Since 2004, Zhao has developed as a preeminent expert in nanoparticles and nanomaterials, he said. She has published more than 100 peer-reviewed journal articles, several invited book chapters and a book on the topic. She’s also presented her work at conferences worldwide.
From one letter, Link read: “She leads one of the largest and strongest research groups in our department, serving as a role model to her students. Moreover, she’s shown a commitment to securing the University’s intellectual property rights, while licensing her technology through eight approved patents and two patents pending.”
And from another: “Her positive influence on others extends far beyond the individual level of her laboratory team and collaborators through her service and outreach efforts. … She’s a tireless advocate for underrepresented groups and STEM disciplines, continually looking for ways to reach out and connect effectively with others.

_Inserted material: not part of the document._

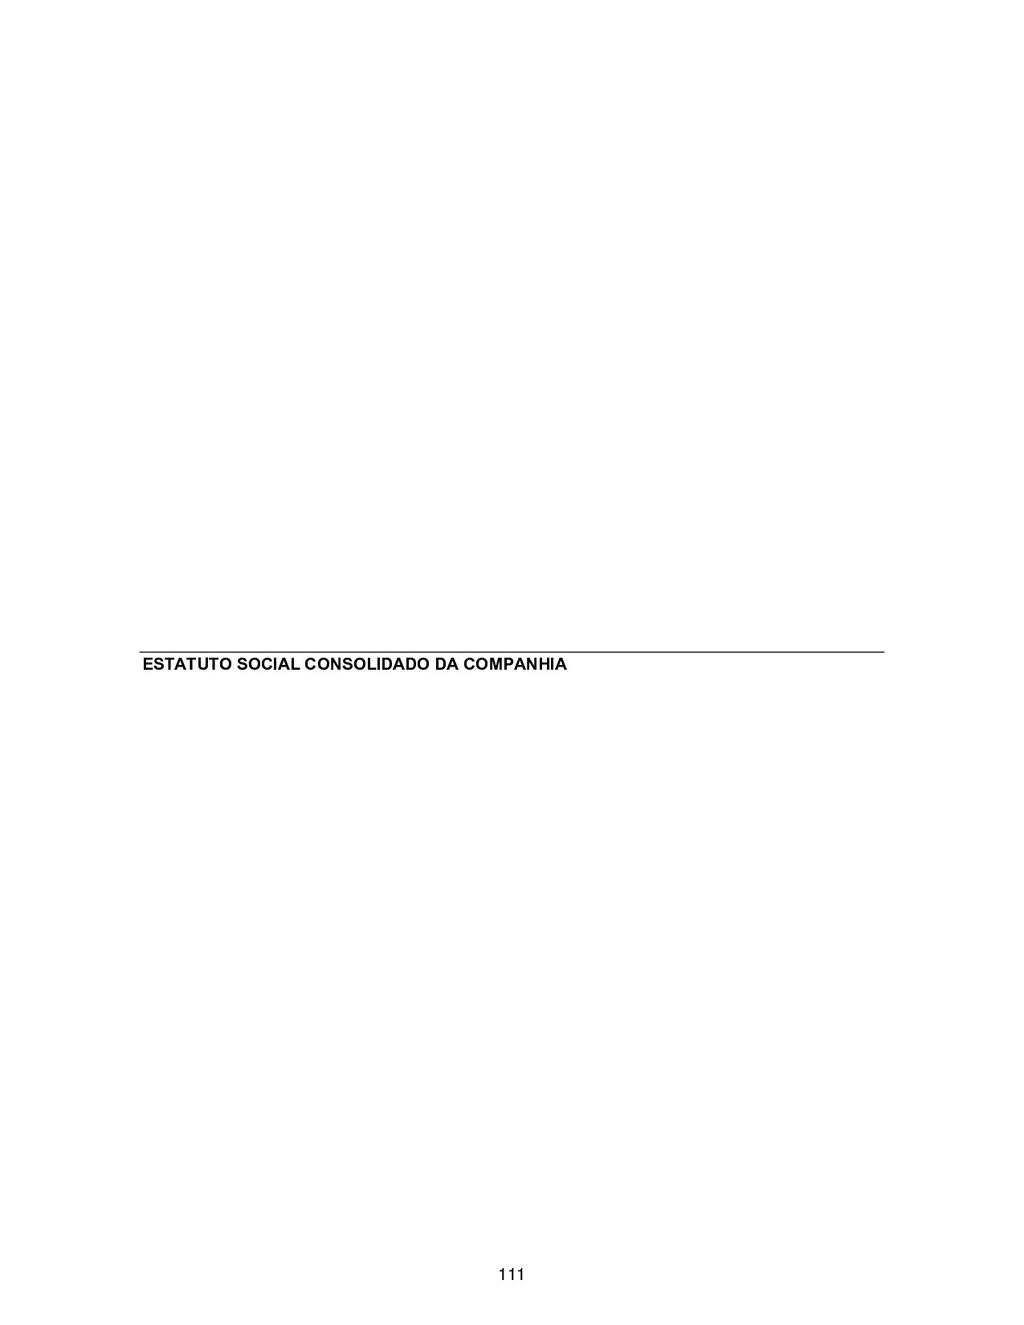 ESTATUTO SOCIAL CONSOLIDADO DA COMPANHIA 111

“Her Sunday Academy and virtual learning videos have helped her build relationships among North Dakota’s tribal college student communities. She gives freely of her time and encourages her students to participate as well, firmly modeling the importance of building greater understanding across cultures and languages.”

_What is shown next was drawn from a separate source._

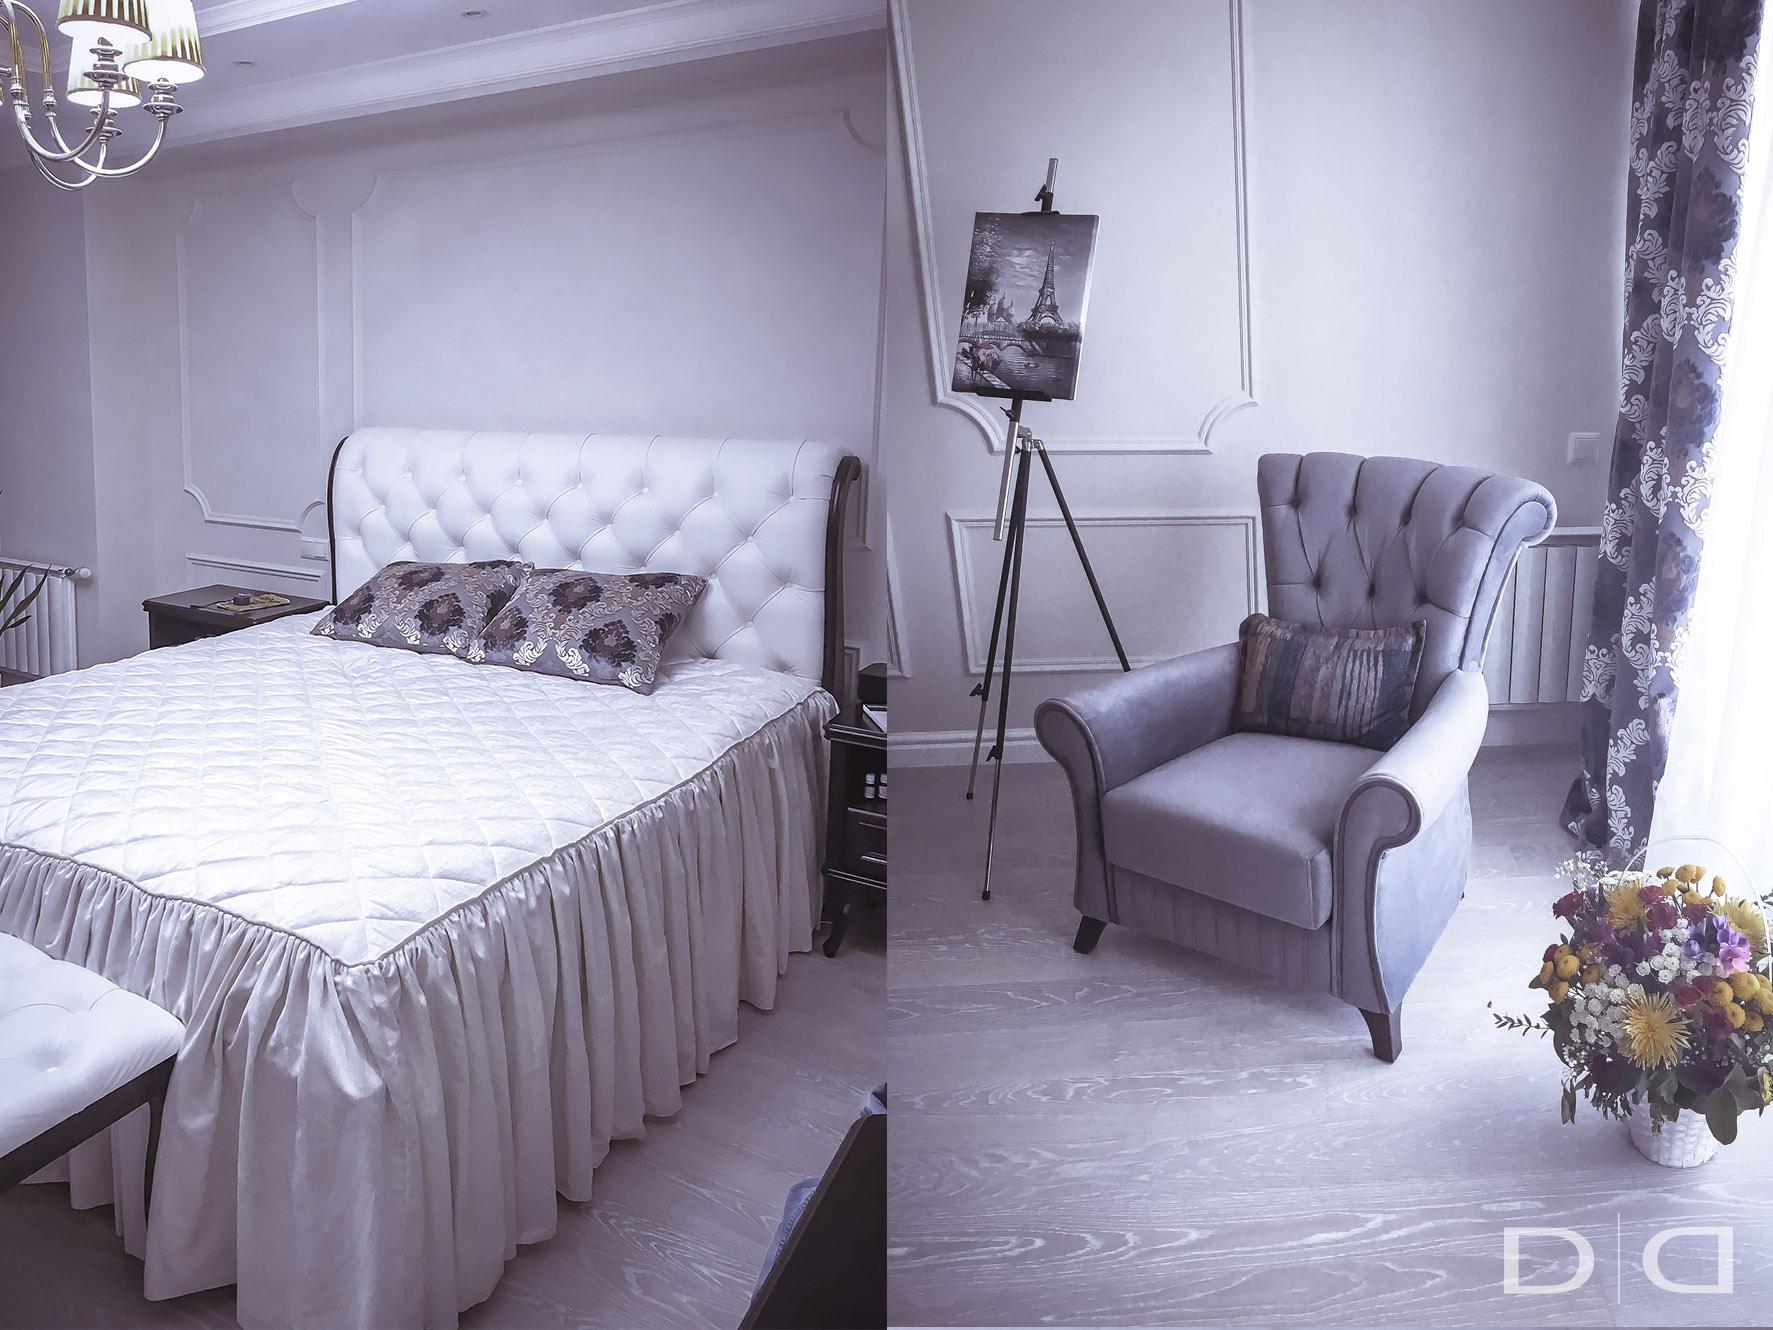 101_dd-interior_studio_design_project_minsk_009-13

Students in the classroom seconded those thoughts.
“I really appreciate Dr. Zhao being here,” senior Jackson Hopfauf said. “She’s a great person to be around. She’s always excited to teach, and she’s always happy to see our involvement in our research, our papers and everything that goes with it.”

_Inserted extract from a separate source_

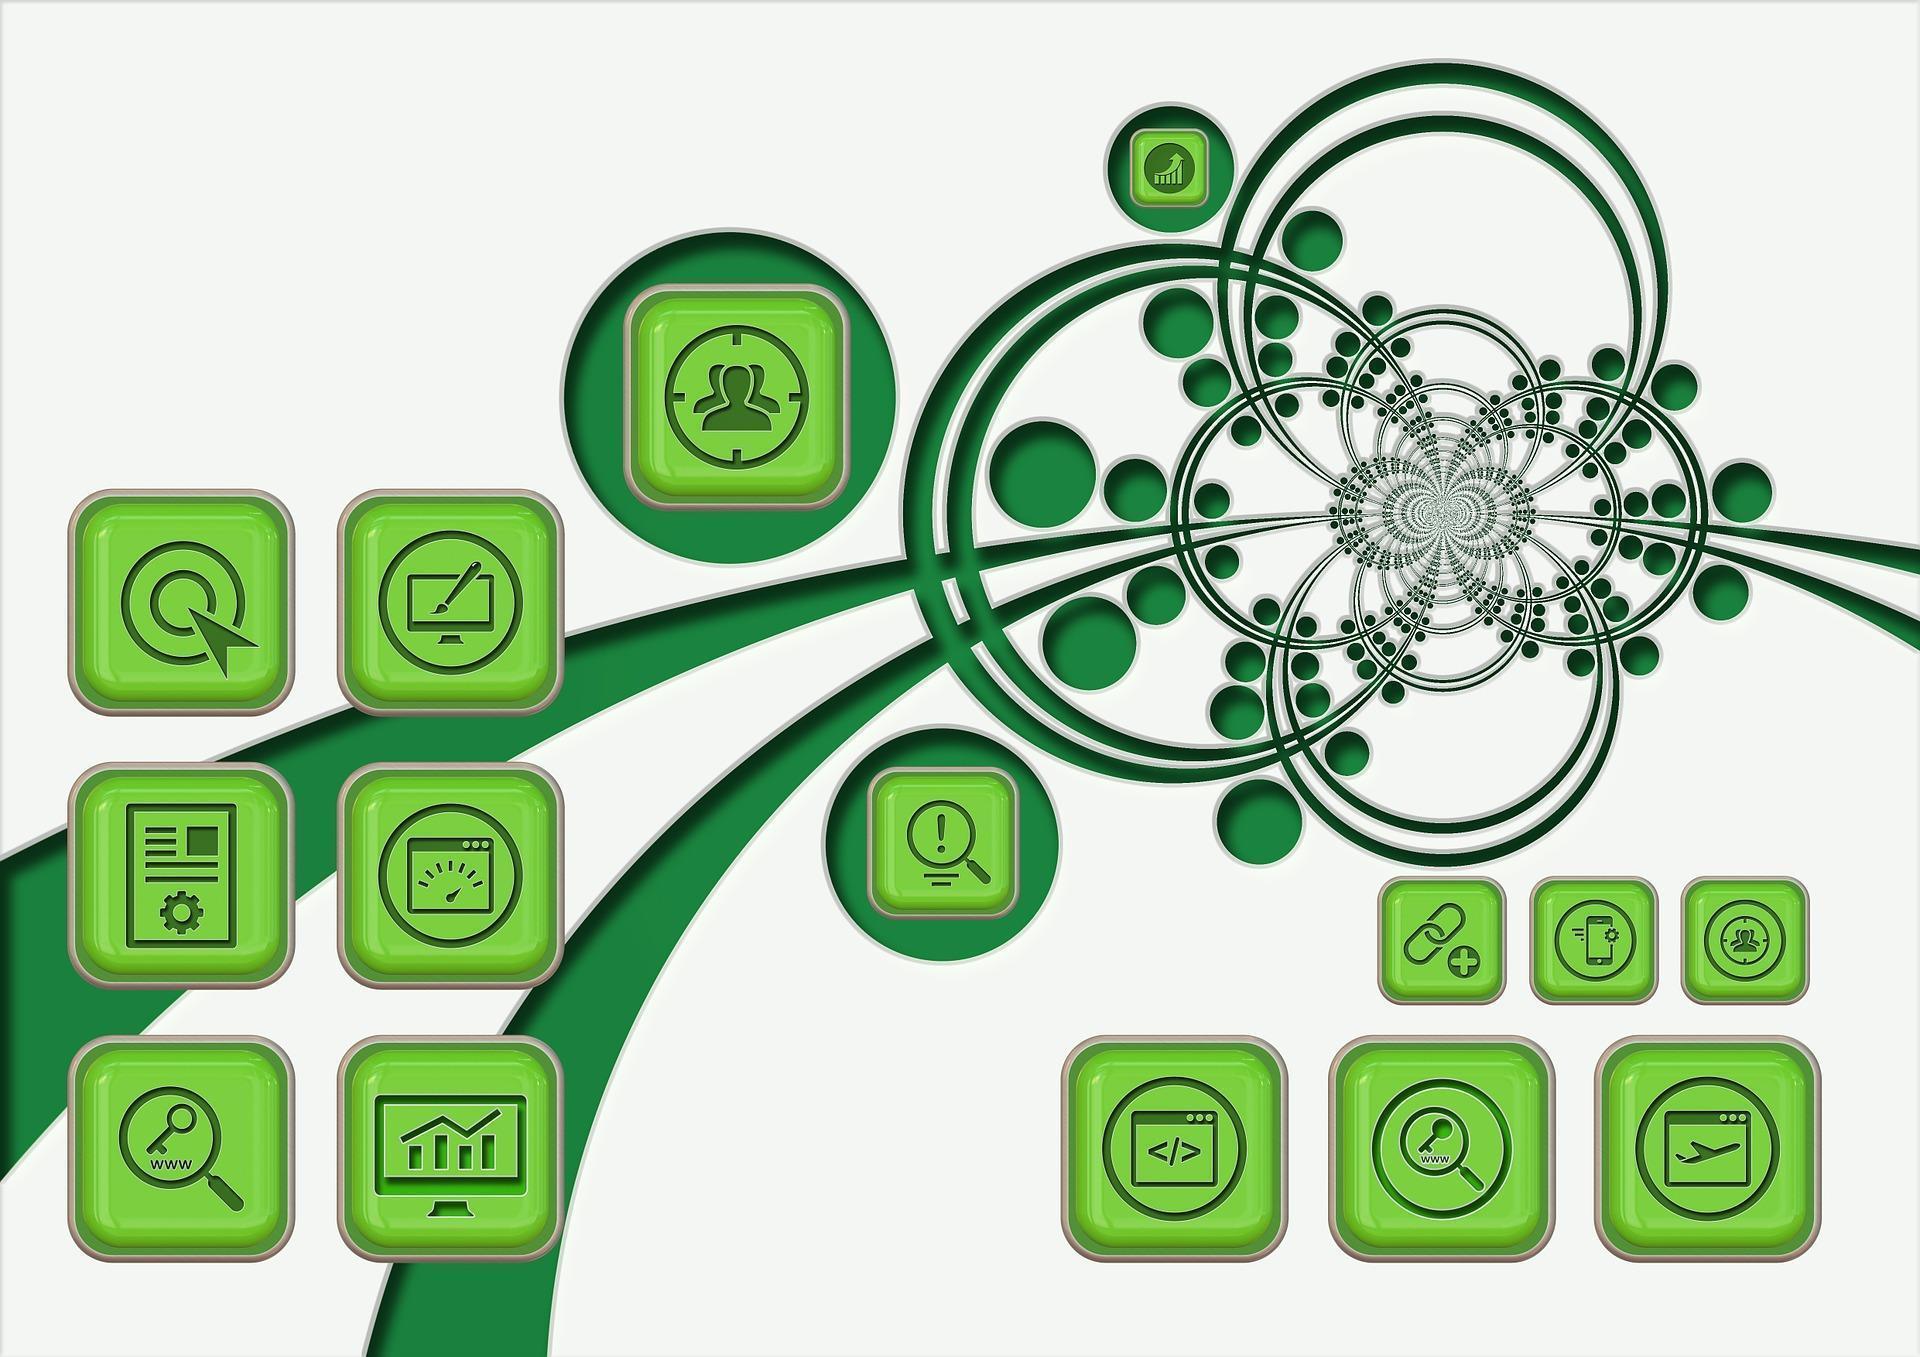 grand-format_fonds-ecran-informatique-et-reseaux-sociaux_3

Senior Lincoln Kranz added: “She’s super encouraging. I think that’s the most important thing. She’s not a hard critic but a very encouraging critic, and that’s really beneficial to most students.”
Armacost presented Zhao with the presidential coin and also invited her to Spring Commencement to receive official honors on stage.
Only about 80 faculty members have earned the Chester Fritz Distinguished Professorship since its inception. As the University’s highest academic honor, it was established with an endowment gift from the late UND benefactor Chester Fritz (1892-1983).
Each year, revenue from the endowment provides cash stipends to one or more full-time UND faculty members, who thereafter may use the title Chester Fritz Distinguished Professor.